Hybrid tuliptree (Liriodendron sion-americanum P.C. Yieh ex Shang et Z.R. Wang) is a hybrid species obtained by crossbreeding Chinese tuliptree (Liriodendron chinese Sarg.) and tuliptree (Liriodendron tulipifera L.). Compared with parental species, hybrid tuliptree displayed faster growth rate and wider adaptability, and it can be used to make furniture, toys, plywood, and pulp. According to LY/T 2054 − 2012 “Methods for evaluating machining properties of lumber”, the hybrid tuliptree wood had good performances in sanding, planning, milling, lathing and tenoning(Ge et al., 2019a). In addition to the compressive strength, the other physical properties of hybrid tuliptree was superior to its parents(Ge et al., 2019b).
However, the morphological properties of hybrid tuliptree, Chinese tuliptree, and tuliptree are highly similar, it is difficult to distinguish the three woods by structural characteristics. Since hybrid tuliptree offers obvious advantages for wood quality and growth speed, timber traders often use Chinese tuliptree as hybrid tuliptree for profiteering(Ge et al., 2019b). There was no regulatory authority in China can provide reliable methods for hybrid tuliptree wood identification, which may lead to consumer rights abuses.
To maintain the order of the timber market and the interests of consumers, it is necessary to establish a fast and reliable method for hybrid tuliptree identification. Traditional wood identification methods were mainly carried out by the perspective of physics and anatomy. Despite the effectiveness of these methods, it has intrinsic disadvantages of low accuracy, high cost, and lack of speed(Ravindran et al., 2020). By contrast, optical and chemotaxonomical methods had proven useful in wood identification(Brunswick et al., 2021), extremely similar wood species can be distinguished by analyze the spectral characteristics.
To our knowledge, near-infrared spectroscopy (NIR) is an efficient, high-speed, non-destructive technology and have been widely used in analyzing woody materials(Dalmolin Ciarnoschi et al., 2022). Near infrared hyperspectral imaging (NIR-HSI) combines spectroscopy and imaging, enabling the acquisition of the entire spectrum at various locations in the image plane. Compared to NIR, NIR-HSI can be better detect the optical characteristic of samples, which enables both morphological and compositional inspection. Therefore, this technology is more suitable for the analysis of heterogeneous samples and allows more reliable qualitative identification using both spectral and spatial information(Xue et al., 2022).

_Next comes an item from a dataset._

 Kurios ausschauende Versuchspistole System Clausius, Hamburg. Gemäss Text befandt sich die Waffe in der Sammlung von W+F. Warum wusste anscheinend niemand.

NIR-HSI has proved to be a reliable method to analyze soils, water, food, seeds, and other samples(Tigabu and Odén, 2003, Tigabu and Odén, 2004, McLean et al., 2014, da Conceicao et al., 2021, Piarulli et al., 2021, Zhang et al., 2021, Zhao et al., 2021). Little research has focus on the analysis of highly similar materials, such as wood products taken from relative species. It is worthwhile to establish an effective method to identify highly similar woods, considering that NIR-HSI has more advantages than NIR spectroscopy.

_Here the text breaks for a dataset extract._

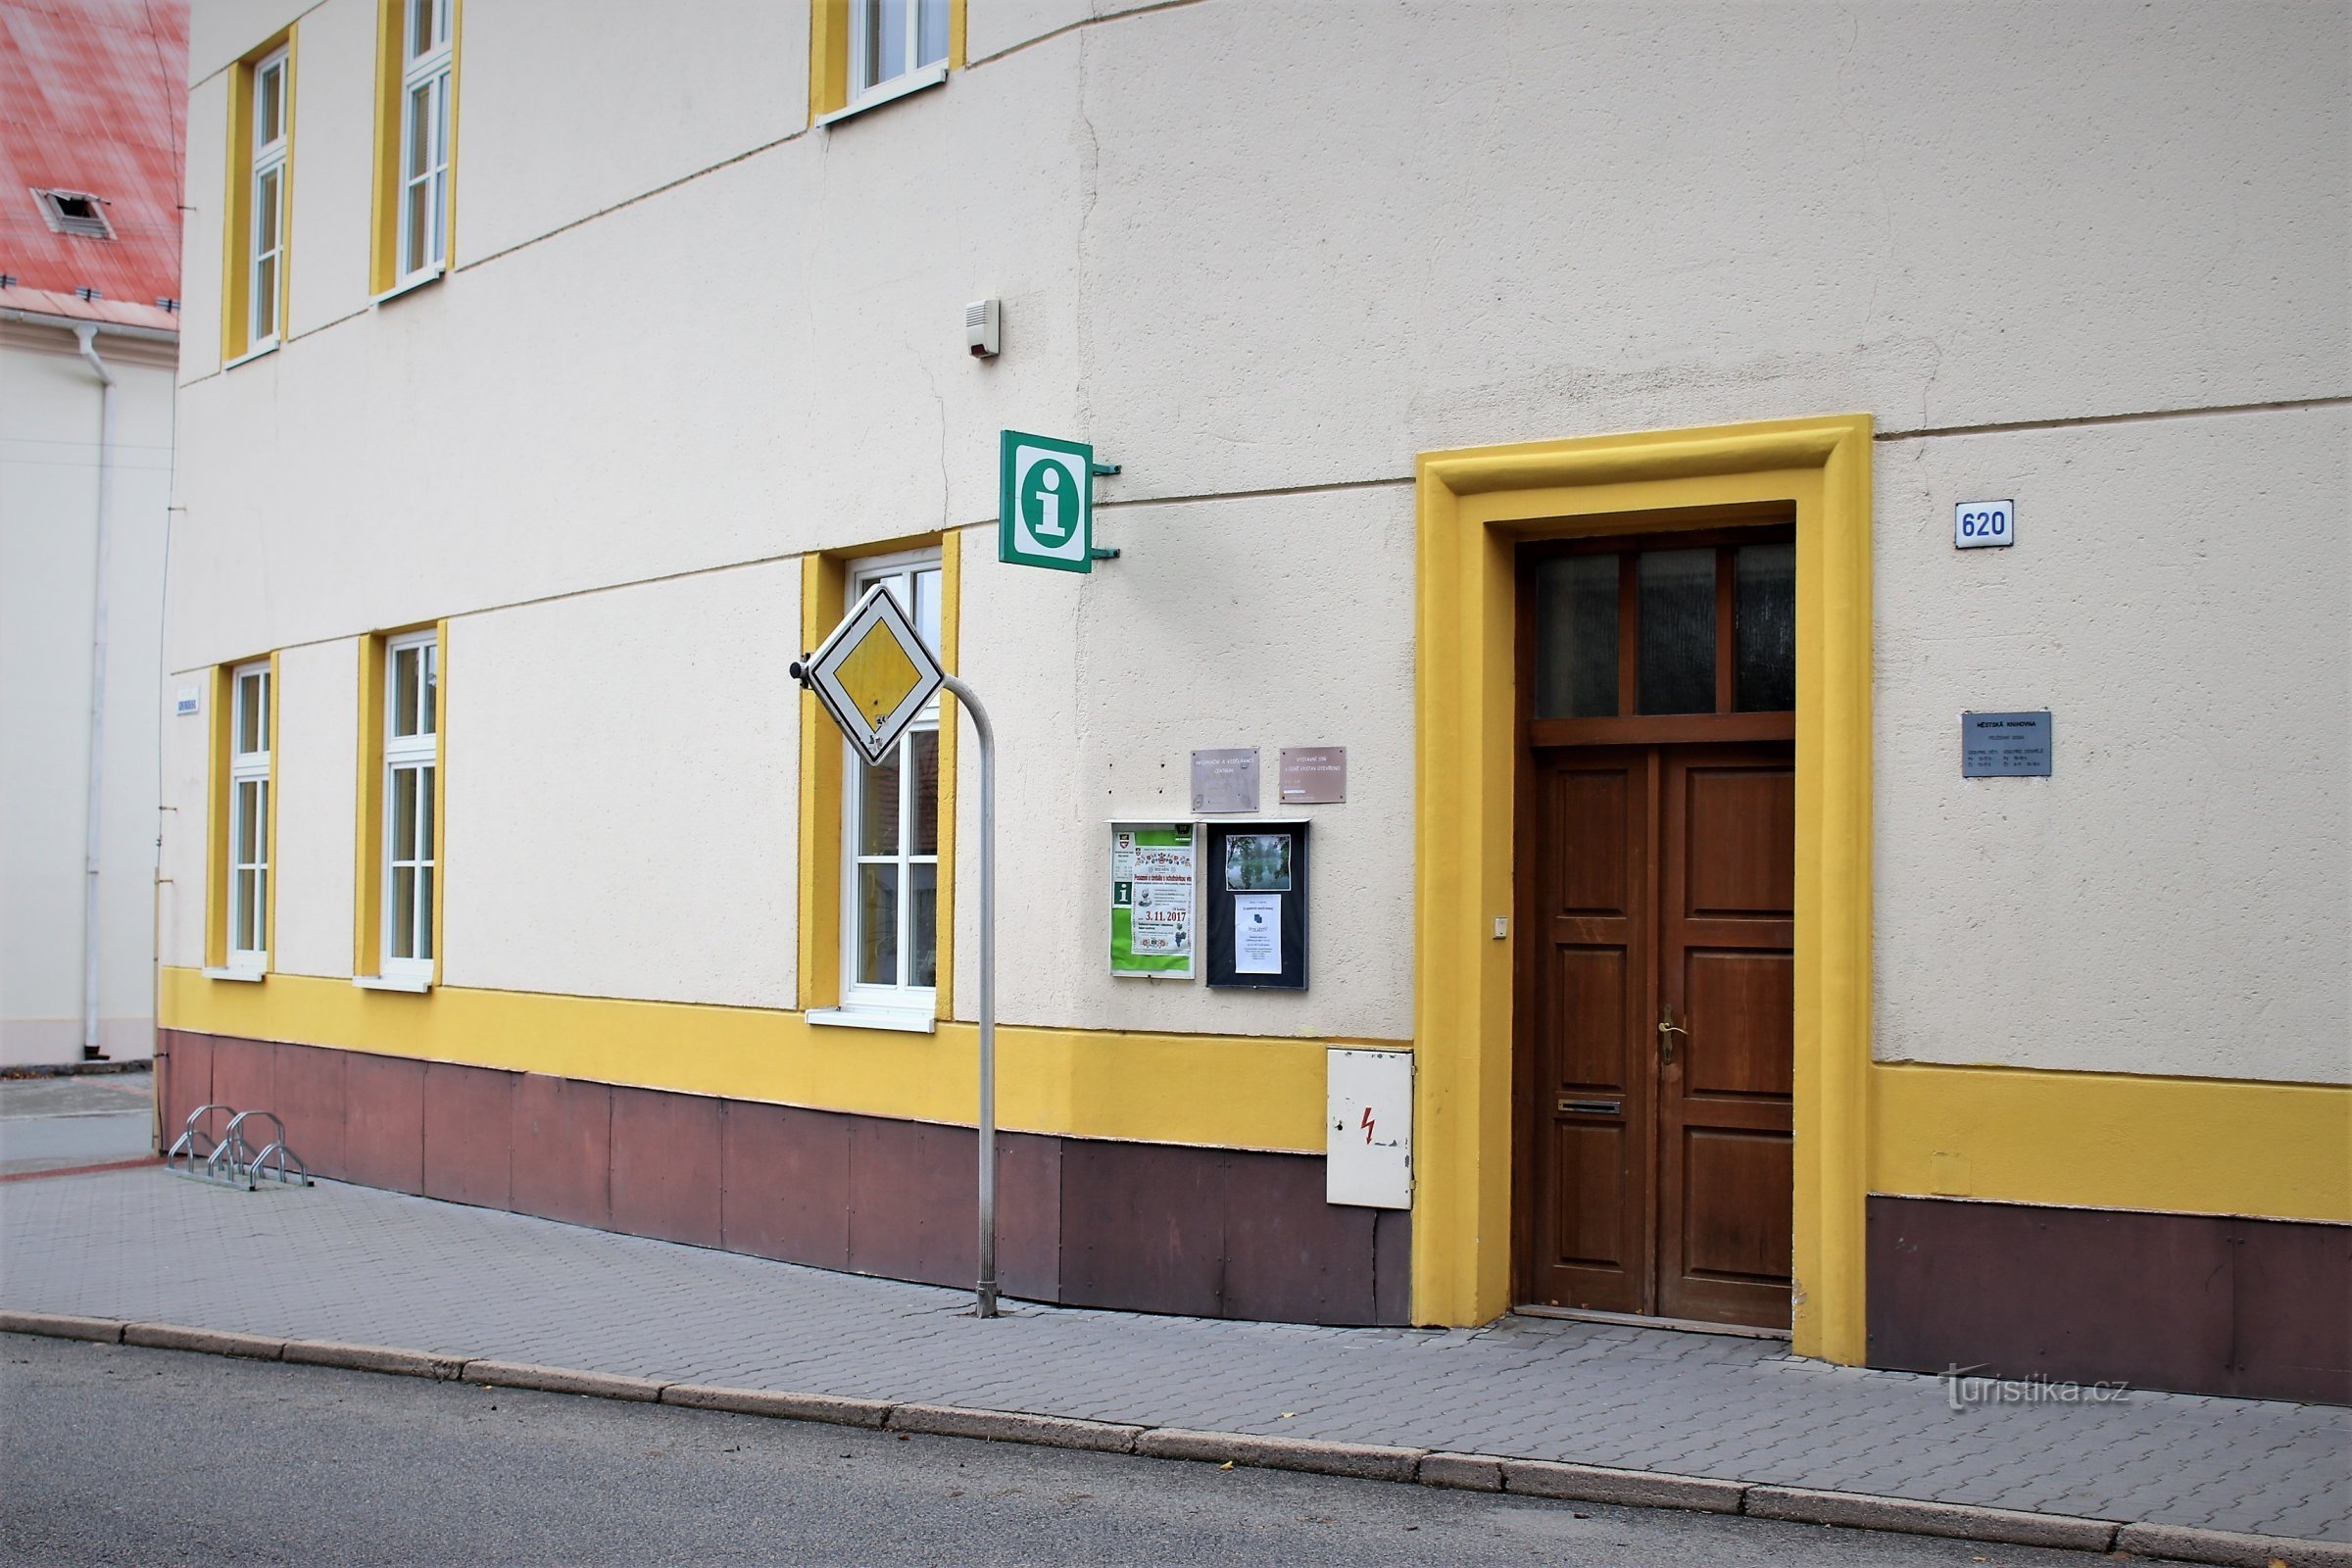 Rájec-Jestřebí - A város információs és oktatási központja

In this study, cube wood samples of hybrid tuliptree, Chinese tuliptree and tuliptree were analyzed by NIR-HSI spectroscopy technique with SG (Savitzky-Golay) smoothing, SNV (Standard Normal Variate), Normalize, MSC (Multiple scattering correction), and successive projections algorithm (SPA) pre-processing methods, aims to establish a reliable approach for the classification of the species from the genus Liriodendron. Meanwhile, this study also evaluated the potential application of this technique to the analysis of highly similar materials.